Ahora bien, denunciada está infracción y acogida por el Tribunal, la Sala entra en el fondo del asunto, para solucionar un problema de propiedad y posesión.

Recordemos que el actor reivindicaba como propietario la propiedad y posesión de un camino para acceder a su finca.

En primera instancia se comprueba que él no es propietario del camino que reivindica: éste es un bien privativo de su cónyuge, como así consta en el Registro. El actor se allana a ello, pero advierte que actúa como mandatario de su esposa (pero, al parecer, no deja de atribuirse la (co)propiedad de la finca) y alega como fundamento sendas normas del Código civil incluidas en sede de gananciales. Es aquí donde se halla la infracción al sistema de fuentes aragonés: la Lrem. contiene normas precisas aplicables al mandato y representación entre cónyuges en lo que atañe a los bienes consorciales y privativos.

Con todo, en ambas instancias, no sé muy bien por qué, se estima la demanda, y al marido no propietario se le atribuye la propiedad (o copropiedad) de un bien de su esposa.
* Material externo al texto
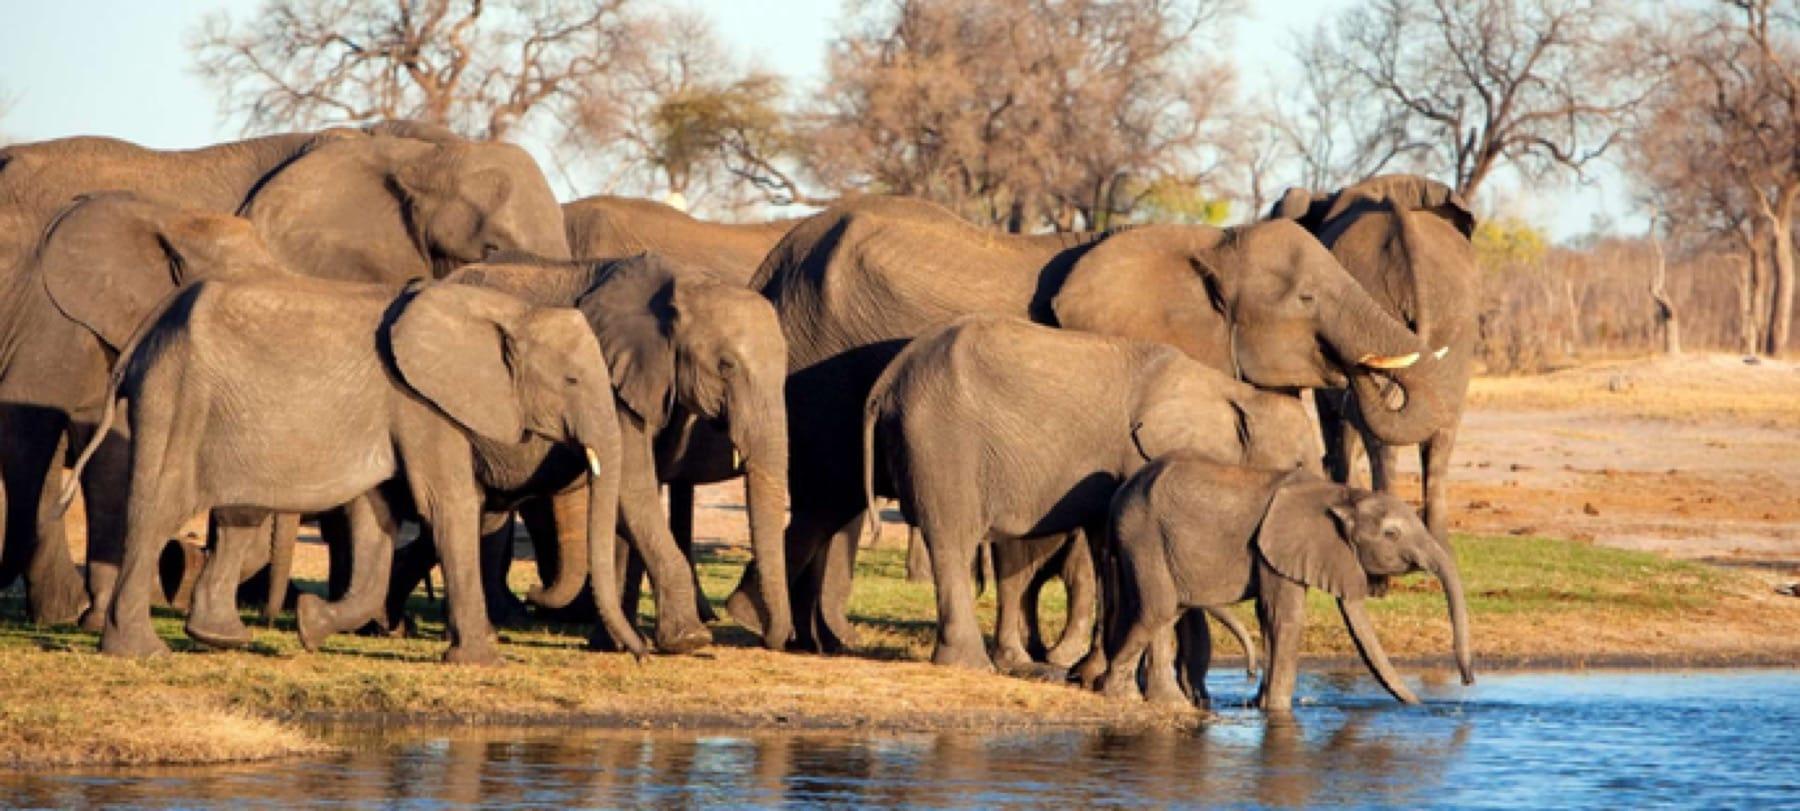 hwange national park zimbabwe safari elephants

Este error queda salvado en casación, y nada se ha dicho de él en el recurso, pero entiendo que la solución al caso, es perfectamente posible puesto que el Tribunal a través del juicio subsuntivo, y para comprobar la aplicación indebida de la norma, debe atender, según señala Bonet Navarro31, a tres elementos: a) los hechos enjuiciados, b) la norma jurídica que se considera indebidamente aplicable a los hechos y la subsunción de los hechos en la norma.

Siguiendo este protocolo, y como indica Bonet Navarro, el Tribunal de casación no debe limitar su actuación al examen del precepto cuya supuesta aplicación indebida se denunció por el recurrente como acaecida, sino que debe llegar hasta el fondo del Juicio subsuntivo, escrutando aquí y allá la totalidad de los preceptos que proporcionan los elementos suficientes para poder afirmar su juicio jurisdiccional sobre el enjuiciamiento jurídico hecho por el Juez en la instancia al subsumir.
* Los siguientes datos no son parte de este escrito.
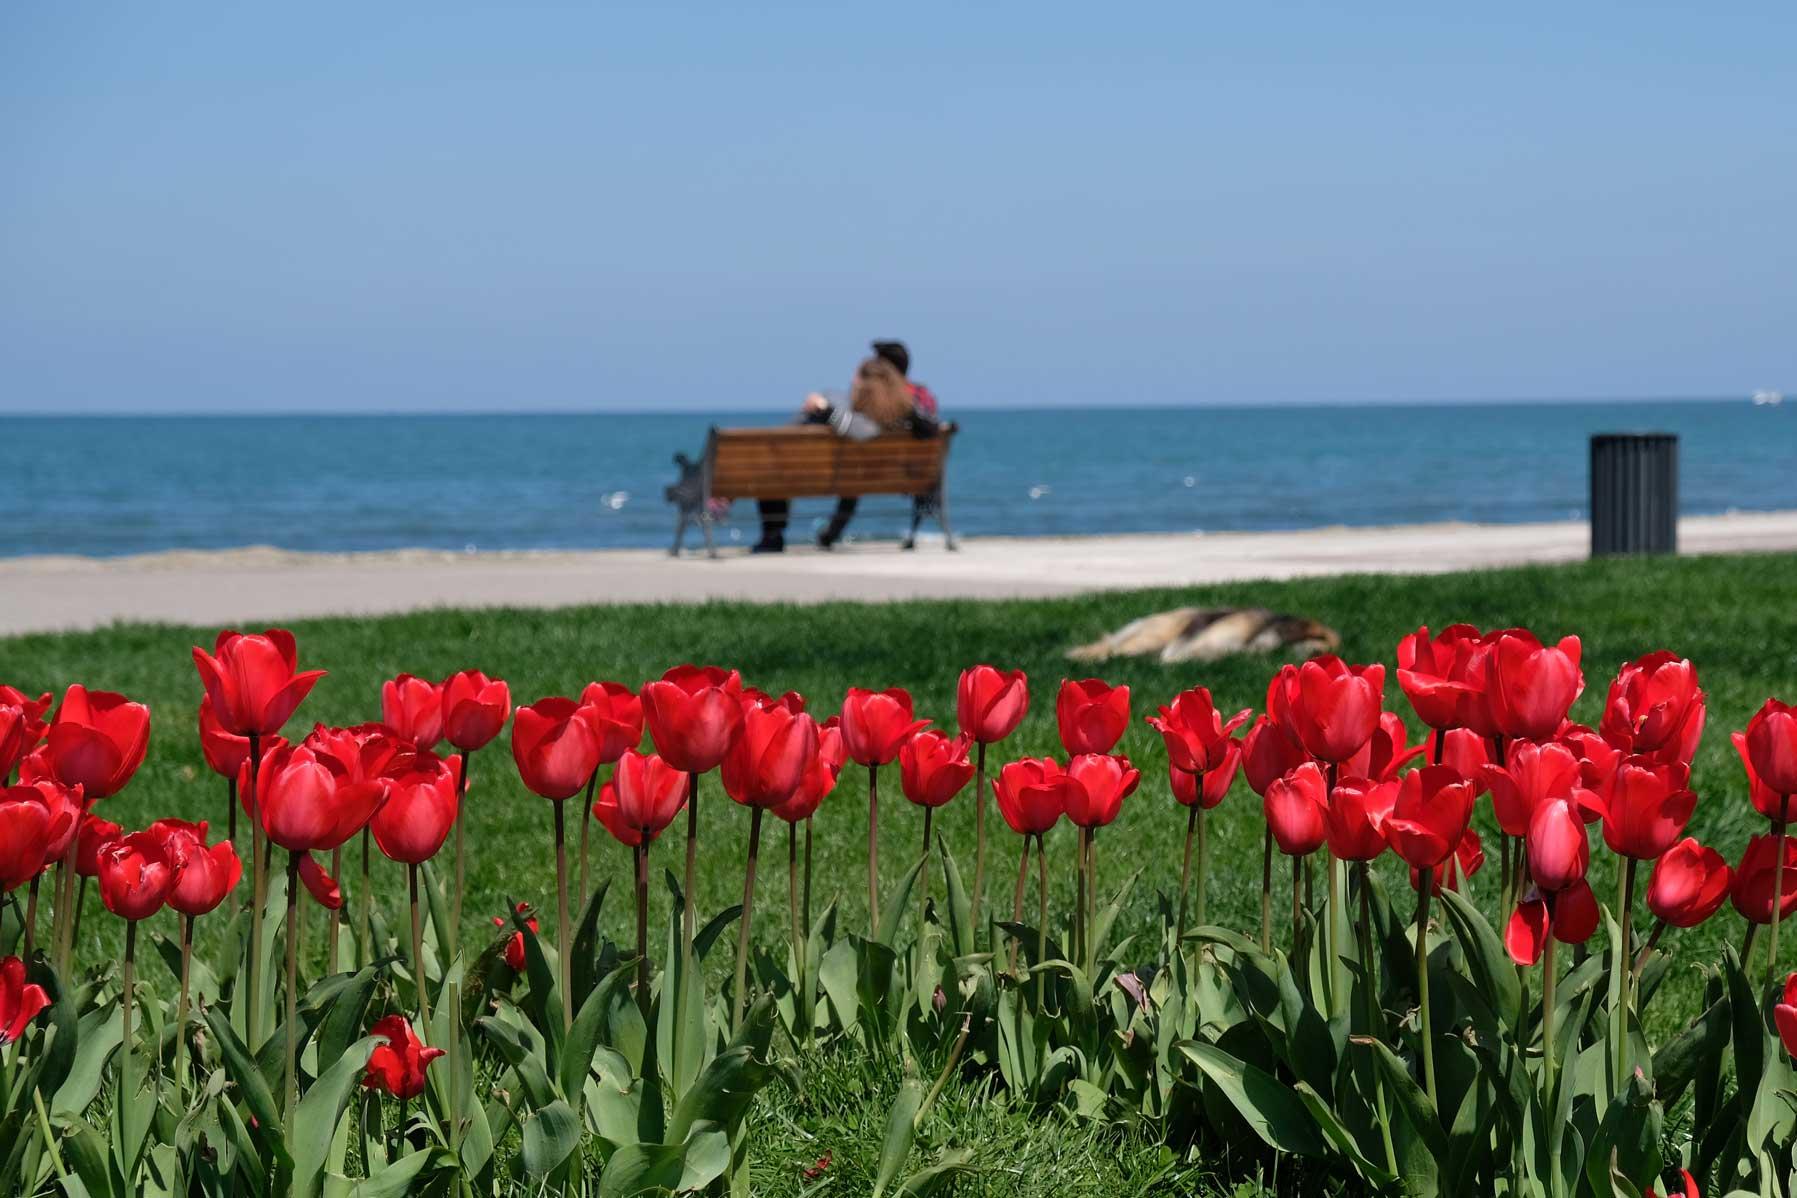 Tulpenbüte in Ordu. Im Hintergrund genießt ein Pärchen das sonnige Wetter.

En esta ocasión, el Tribunal Superior de Justicia de Aragón, dice al final de su fundamento de Derecho sexto “en los términos expuesto, será estimado, procediendo a casar la sentencia recurrida”, en atención a ello, y a través de los FD 7º y 8º que transcribo, resuelve, al amparo del art. 1.2 Comp. aragonesa que ha resultado infringido, un caso de Derechos reales sujeto al Derecho supletorio estatal.

Así quedan las cosas:

SEPTIMO.- Decíamos en el fundamento de derecho segundo que el actor, junto a la pretensión que llama declarativa de propiedad, y que en las sentencias de primera y segunda instancia ha sido calificada con acierto como reivindicatoria, ejerce otra, al pretender de los órganos de la jurisdicción civil una tutela de la posesión, fundada en los artículos 430 y siguientes del Código Civil y que se concreta en el apartado cuarto de la súplica. Aunque de la lectura de la demanda parece desprenderse que todas las peticiones las deduce la parte actora del invocado hecho de ser copropietario del camino que ocupa parte de la finca número 305, de repetida cita, es lo cierto que también invoca ser poseedor de la finca, aunque se trate de posesión para otro, en los términos regulados en el artículo 432 del Código Civil, ya que habiendo reconocido en el juicio la propiedad de la esposa, como bien privativo, el demandante mantiene: a) su condición de poseedor; b) la existencia del camino de paso a fincas, que se constituyó mediante la cesión de parte de la finca citada; c) la desposesión efectuada por la actuación del demandado. Y estos extremos han quedado acreditados en la sentencia de instancia, (…) 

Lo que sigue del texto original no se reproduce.